Note: To see the entries for that week, simply click the week #.
This week was mostly just settling in, reading parts of the thesis already written and getting familiar with the programs that we'll be using. We're reading data from a mySQL database (I learned the great power of an INNER JOIN!) and R to model some of the user networks. There's not much to do this week as we can't officially start working for PSU until the background checks finish, but I spent a lot of time running errands like getting my new PSU card and getting to know the small, small, oh so small town.

The family we're staying with are pretty nice, though I'm definitely not used to having to cook for myself every day, but it's good preparation for next semester.
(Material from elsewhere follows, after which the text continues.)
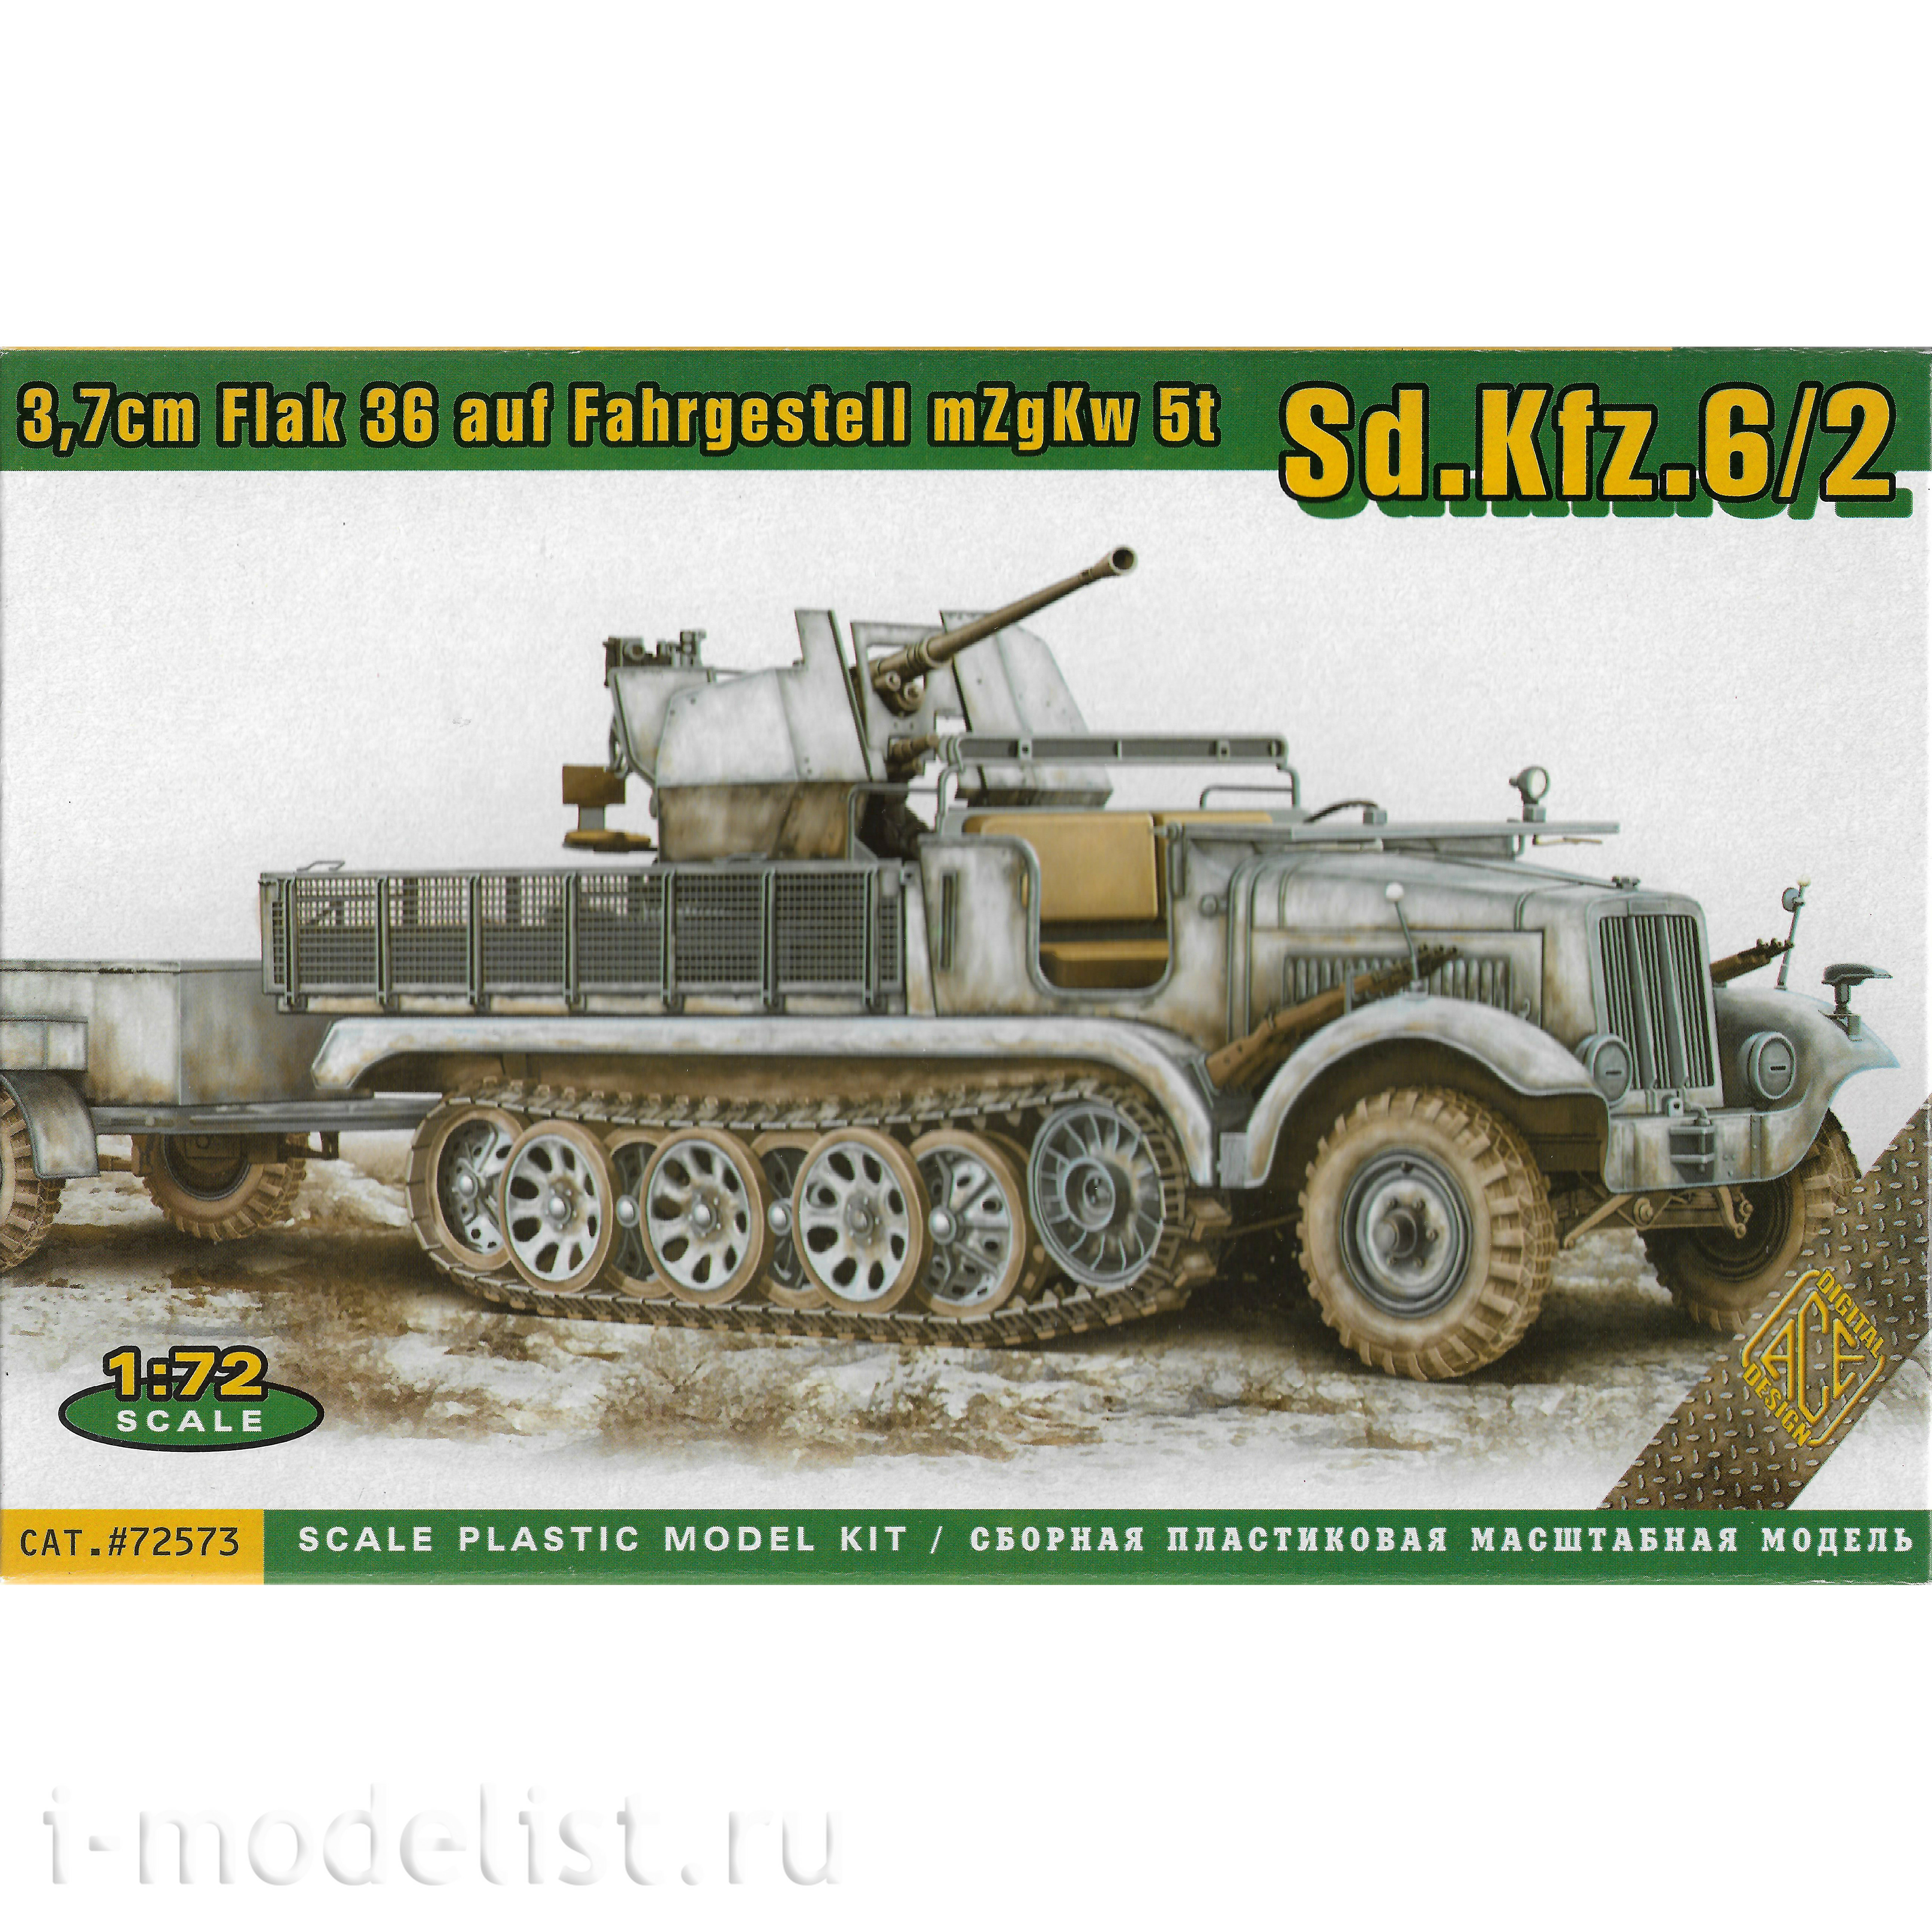 72573 ACE 1/72 37 mm Flak 36 anti-aircraft gun based on the Sd.Kfz.6 tractor

I love python because you can get a nice script running in < 10 lines of code. Sanitizing data isn't my favorite thing to do, but it's so nice to click a few buttons and just let the programs analyze your data for you.

Monday

Spent a very relaxing weekend at home catching up with friends. We made macarons, yum!

Tuesday

Trying to figure out different ways to plot something. Apparently tkplot() on R doesn't like more than 1000 nodes, which is a bit of a problem. Now I need the deviant users to be colored something different...

Wednesday

We're having a meeting tomorrow so I have to get all this graphing done. The good news is that our background checks went through! The bad news is that we have to start working for real... Generating plots takes a while though, because of all the data. MySQL calls also take a few minutes, but I think I generally have the script for R down. Just a few more minor edits, because it's really hard to read everything with all the nodes being labeled, but it's also hard to read the graph without labels. The thesis we're using as a base for this project is so poorly written, I'm chugging along as everything graphs.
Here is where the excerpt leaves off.